Gadag Institute of Medical Sciences 

Gadag Institute of Medical Sciences is an Indian government medical college. It is located in Mallasamudra village of Gadag, Karnataka, India. The institution is affiliated with Rajiv Gandhi University of Health Sciences and offers courses for medical, paramedical and nursing students.

The College is spread over 54 acres of land, beside Lush greenery Mountains and Windmills in the premises of District Hospital at outskirts of Gadag.

This Medical College building covers 51,000 sq. meter of the area where Two Examination halls available each with 250 Seating capacity.

The institute is fully equipped with Laboratories, Museums,Amphitheatre  and there are 6 Lecture Halls available, 5 lecture halls situated in college each with 180 seating capacity and one in hospital with 200 Seating capacity.

There are 302 well educated Teaching Faculty available.
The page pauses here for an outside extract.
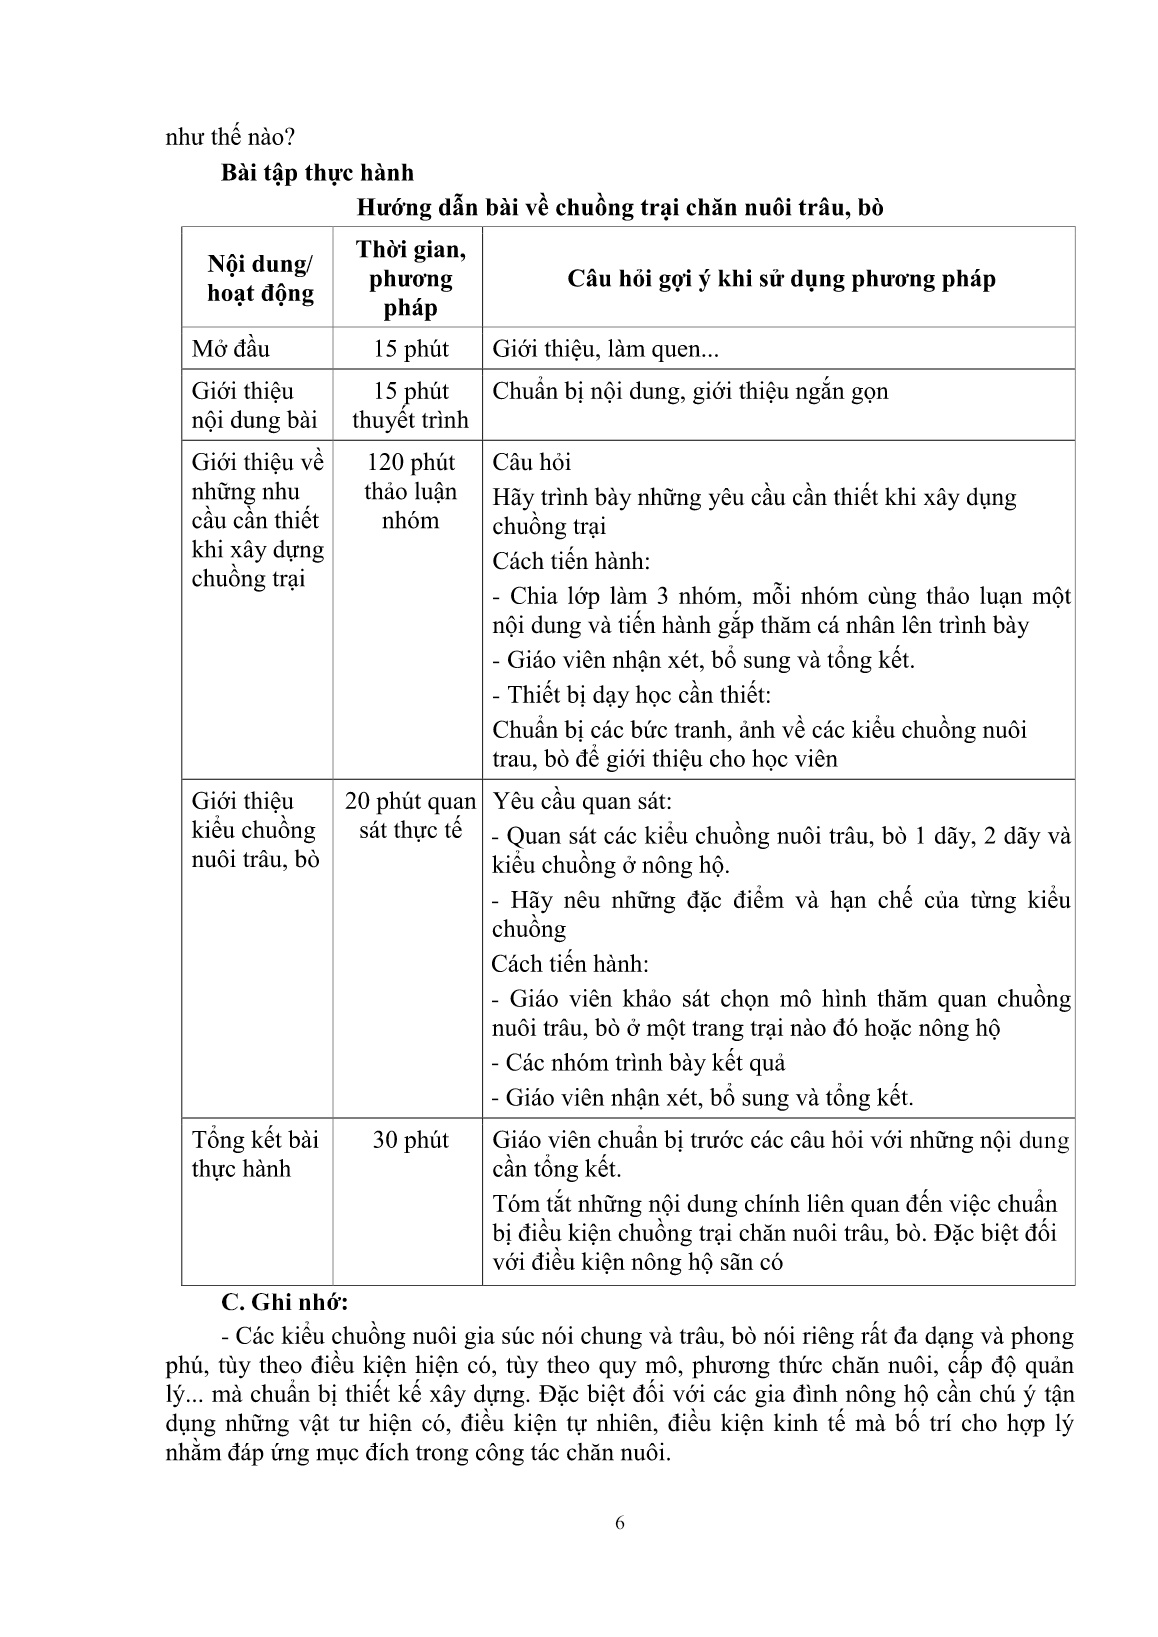 Giáo trình mô đun Nuôi trâu, bò thịt (Trình độ: Đào tạo dưới 3 tháng) trang 8

This College has separate common rooms for boys and girls each with 160sqm with attached toilet facility.

Library
The Central Library of the college spreading over 2400sq.m, 5513 books and 28 Indian,12 foreign journals.

And has a wide collection of medical literature including Books, Reference Sources, CD, DVDs, Journals, E-Journals, E-books and pamphlets to the faculty and medical students.

This library has 600 seating capacity.

Gadag Institute of Medical Sciences Ranking 
Below College Ranking is based on How parents and students Preferred Gadag Institute of Medical Sciences during  NEET UG 2021 MCC and state counselling.

All India Ranking is 254

Karnataka State Ranking is 22.

Affiliated Teaching Hospitals
 Affiliated Teaching hospitals with the institution are:
 Government District Teaching Hospital Gadag
 Dundappa Manvi Maternal and Child Health Care Hospital, K.C. Rani Road, Gadag
 Urban Health Training Centre, Gandhi Circle,  Gadag
 Primary Health Centre,  Hulkoti
 Primary Health Centre, Nagavi
 Shirahatti Taluk Hospital,  Shirahatti 
 Lakshmeshwar Taluk Hospital,  Laxmeshwar

UG / PG Courses Offered by the Institute

Undergraduate courses
The college offers four and a half year M.B.B.S courses with a one-year  Compulsory Rotating Medical Internship at the above mentioned  Affiliated Teaching hospitals. 

Undergraduate courses include M.B.B.S,  Bachelor of Science in Nursing and  Diploma in Nursing.

Postgraduate courses

Gadag Institute of Medical Sciences is the only college overseen by the  National Board of Examinations to offer a Post-graduate  DNB course in surgery in Karnataka.

The institute is the only medical college in India to obtain post-graduate seats in its all clinical departments within five years of its inception.

Admission is coordinated through PG  NEET conducted by  DNB, India.

Post-graduate courses including  MD,  MS,  DNB, and  CPS are offered.

Departments
 Anatomy
 Physiology
 Biochemistry
 Pharmacology
 Pathology
 Microbiology
  Forensic medicine
 Community Medicine
 General medicine
  Pediatric
 TB and Chest
  Skin & V D
 Psychiatry
 General surgery - The college is presently permitted by the Indian government to run a DNB course in surgery. This is the first post-graduate course to be offered.
  Orthopedics
  ENT 
 Ophthalmology
  OBG
 Anesthesia
 Radiology
 Dentistry

Hostel 
Boys hostel has 90 rooms and girls hostel has 90 rooms with 24 hours of well-maintained drinking & Non Drinking water supply.

Recreation facilities, visitor room, Airconditioned and computer with internet facilities are available.

Students get food from the hygienic kitchen with comfortable Dining system.

Well equipped recreation room and gymnasium for physical workouts for better health maintaining practice, and sports activities and training for sports dreamed students.

It has large and spacious TV room for students relaxation with regular vigilance by the anti ragging squad for controlling ragging problems from and for the students.